╭──

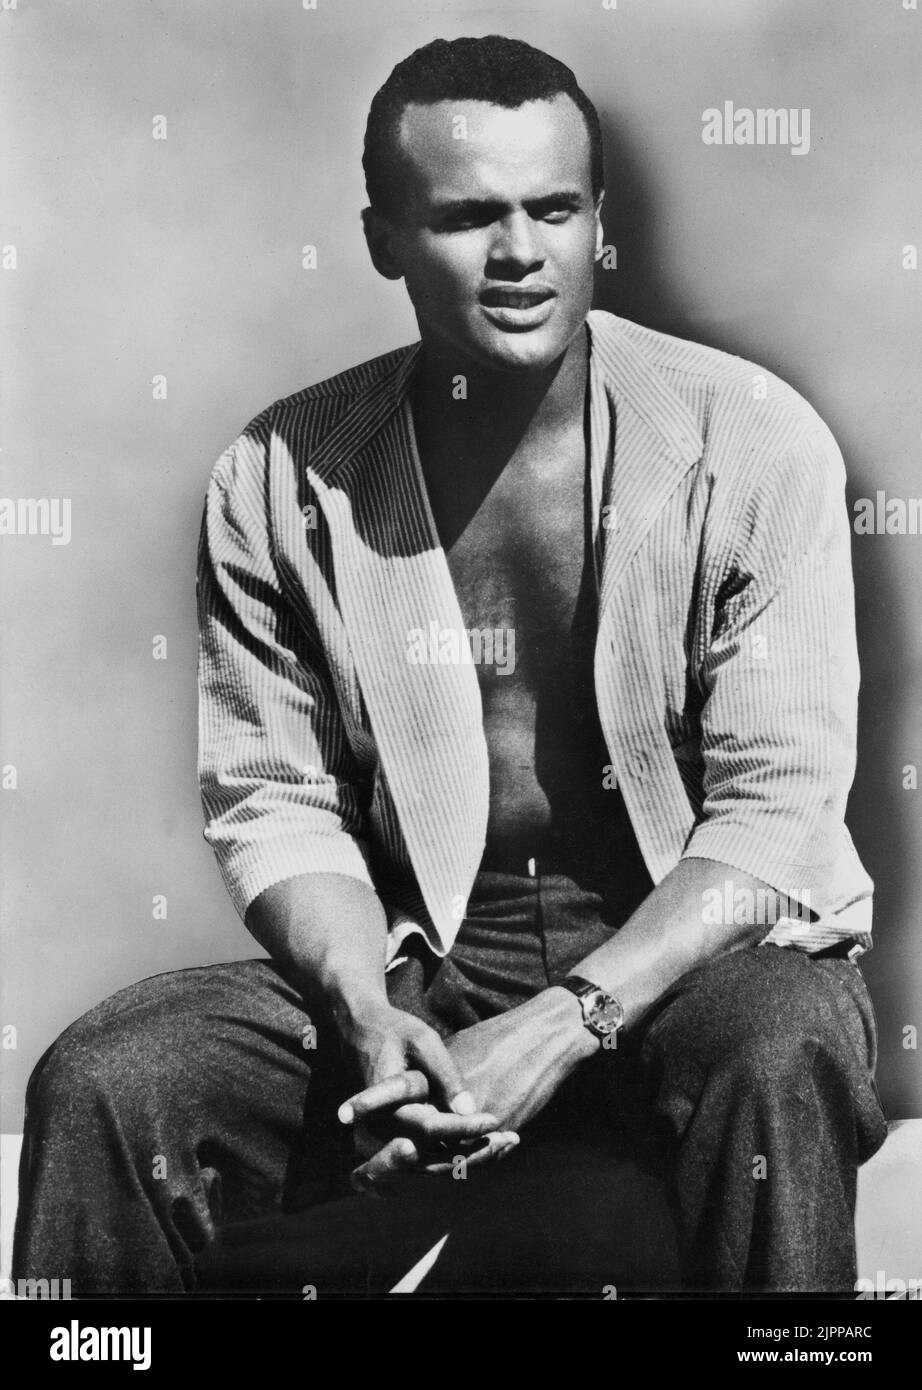 1954 , USA : The movie actor and singer  HARRY BELAFONTE ( New York , NY 1 march 1927 ) - POP MUSIC - MUSICA - CINEMA - calypso rock - portrait - ritratto - Bellafonte - torso nudo - barechested - cantante - orologio da polso - swatch - attore di colore  ----  Archivio GBB Stock Photo
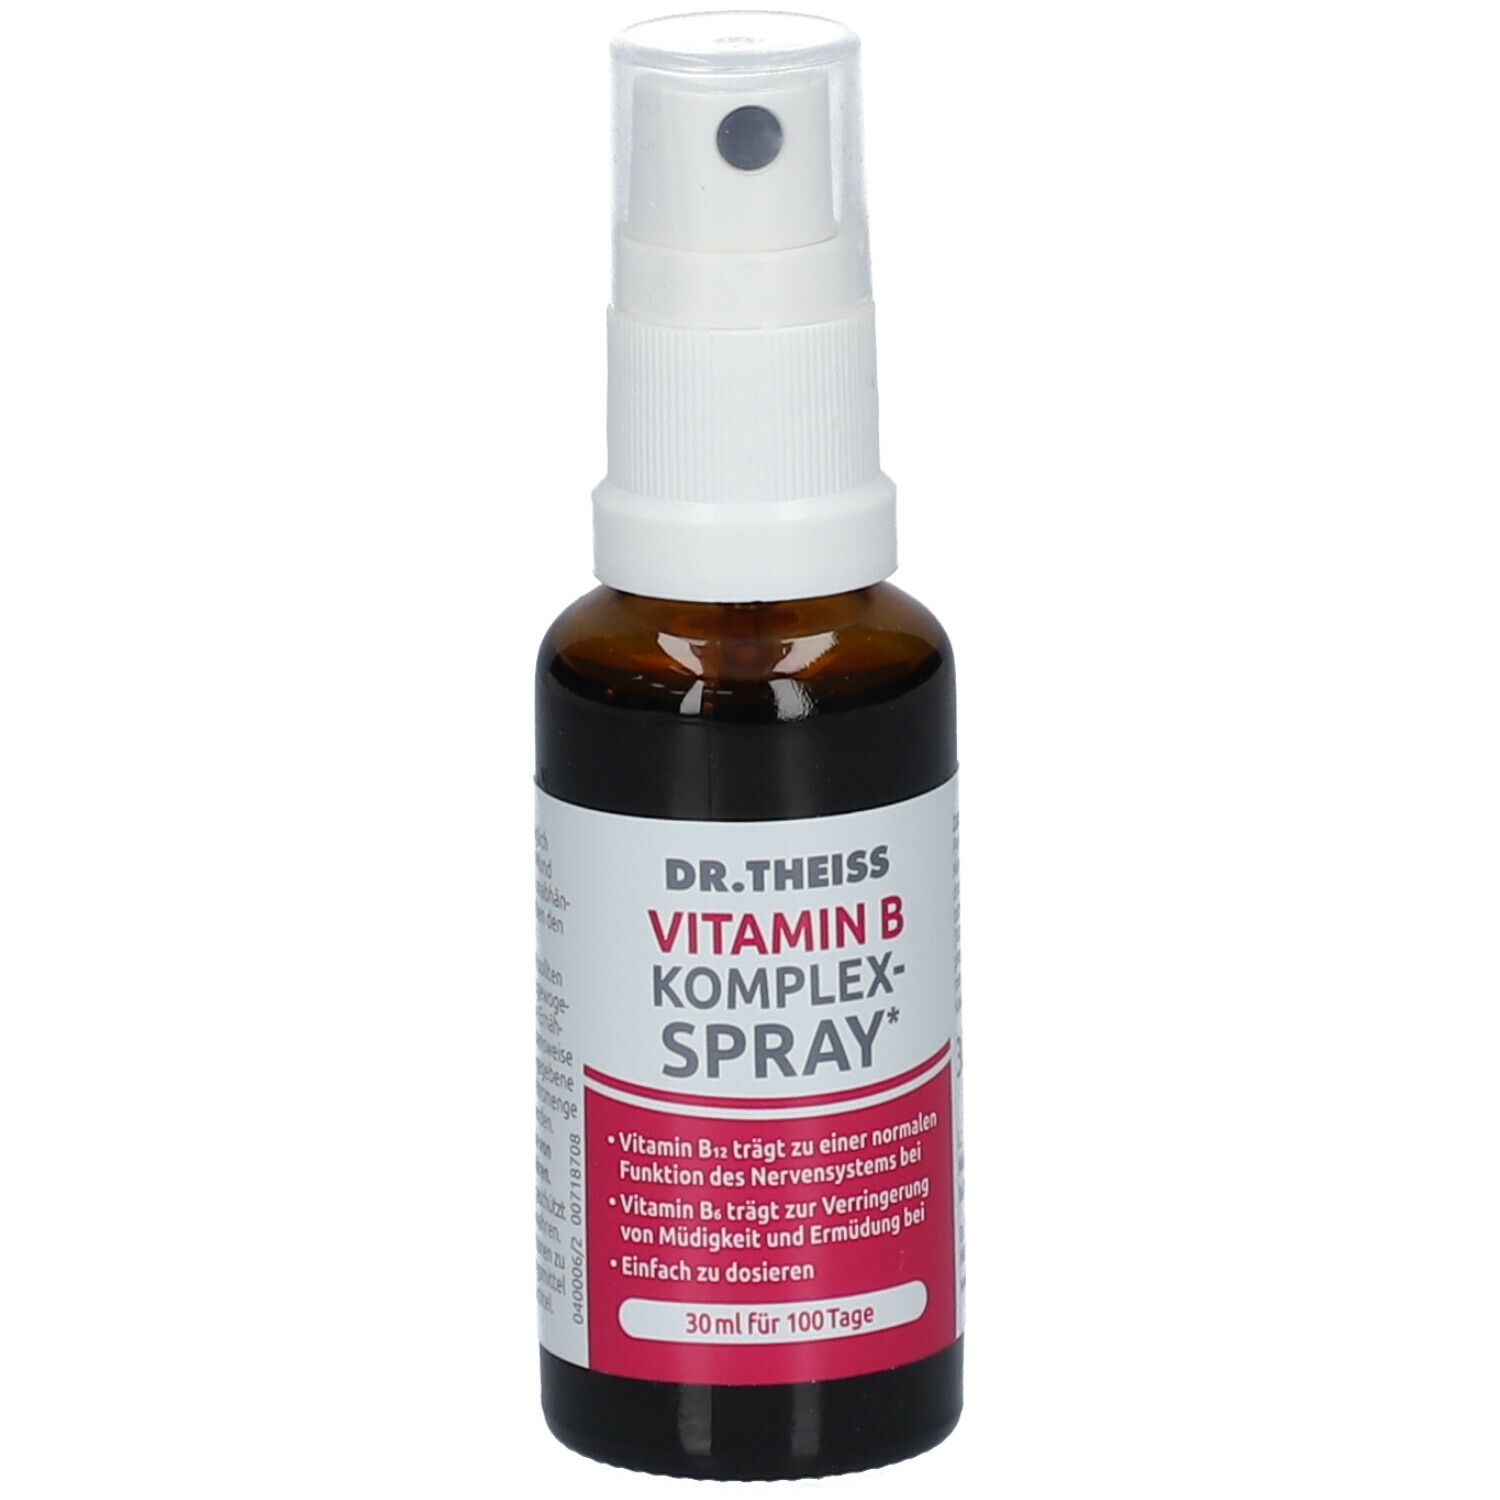 DR. THEISS Vitamin B Komplex-Spray
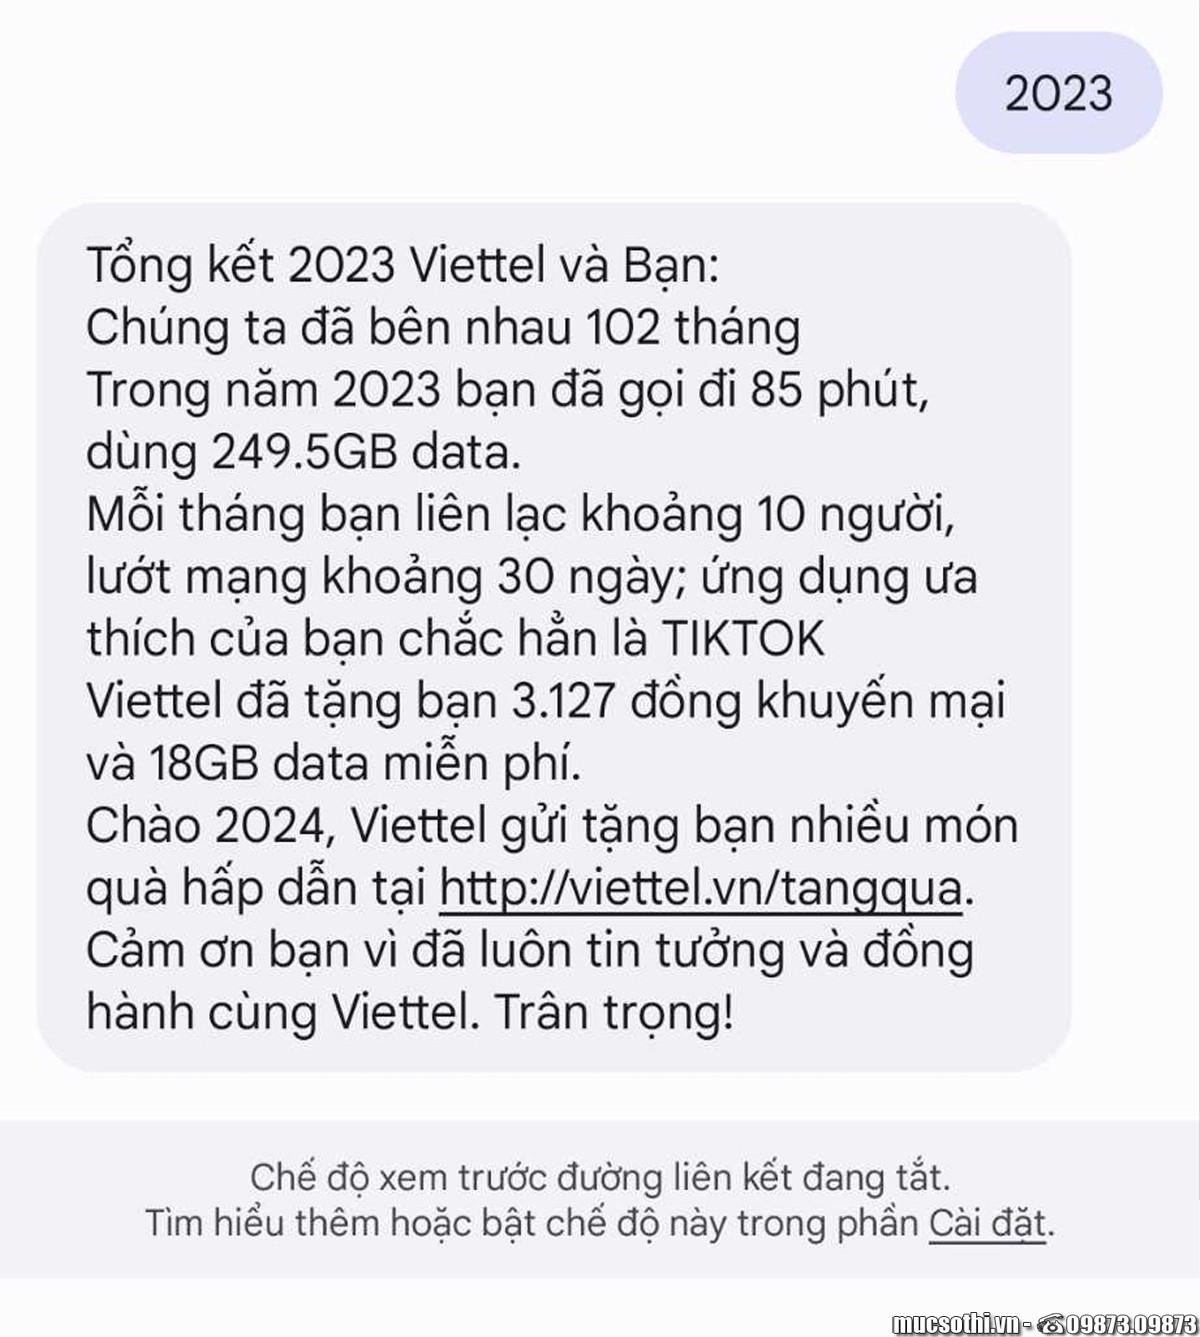 Viettel có chương trình TRI ÂN ƯU ĐÃI LỚN năm 2023 đến người dùng - Kiểm tra nhận ngay - 09873.09873
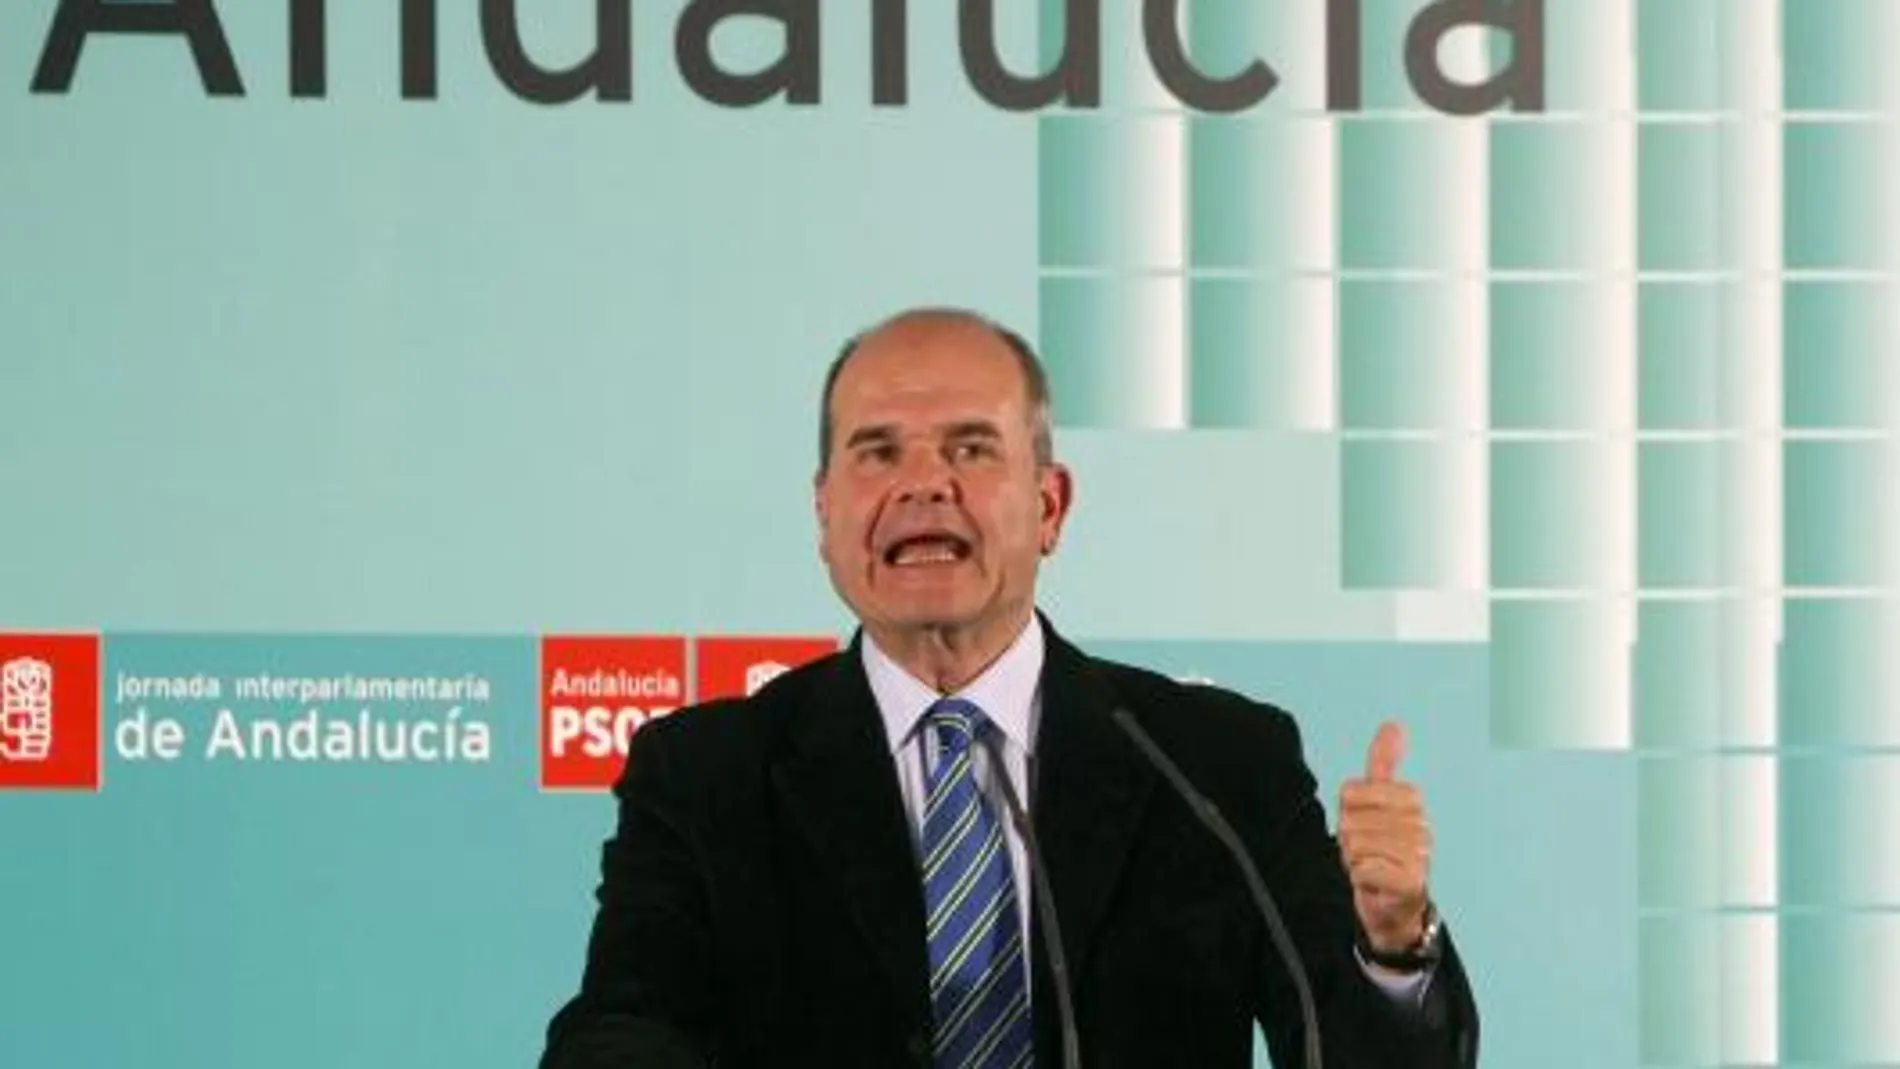 Chaves regresa al Gobierno central tras 19 años al frente de la Presidencia de la Junta de Andalucía
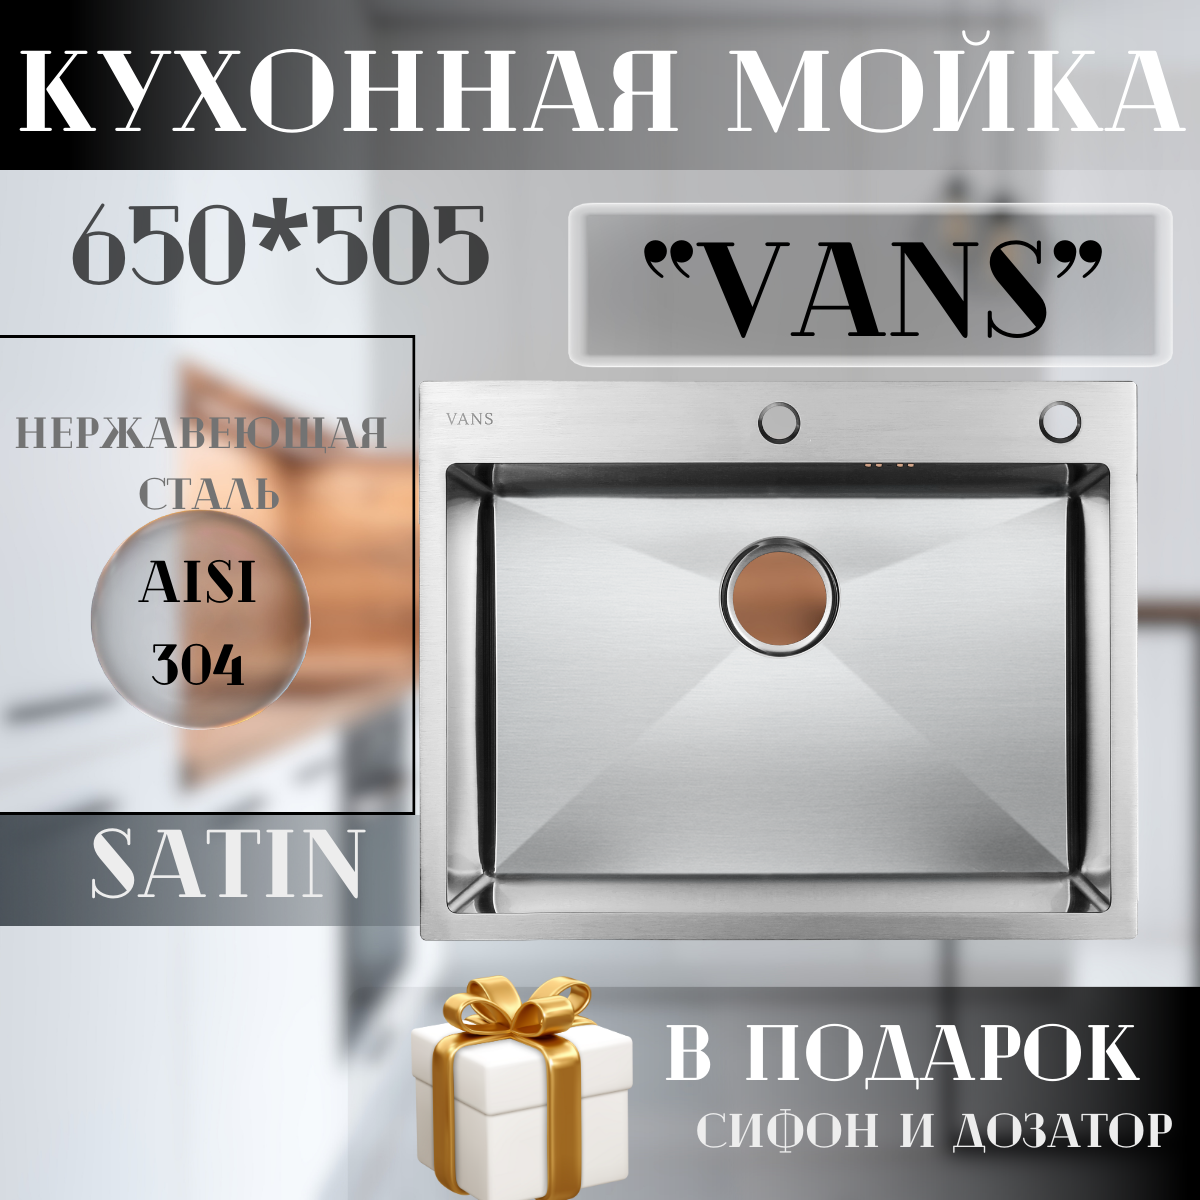 Кухонная мойка VANS 650*505 (650*505) Satin - фотография № 1

╰──

TASK: Beginning with the line where "DR. THEISS Vitamin B Komplex-Spray" appears, transcribe the records above word for word through their last line, and include no pictures.

TASK ANSWER:
 DR. THEISS Vitamin B Komplex-Spray
 Viettel có chương trình TRI ÂN ƯU ĐÃI LỚN năm 2023 đến người dùng - Kiểm tra nhận ngay - 09873.09873
 Chaves regresa al Gobierno central tras 19 años al frente de la Presidencia de la Junta de Andalucía
 Кухонная мойка VANS 650*505 (650*505) Satin - фотография № 1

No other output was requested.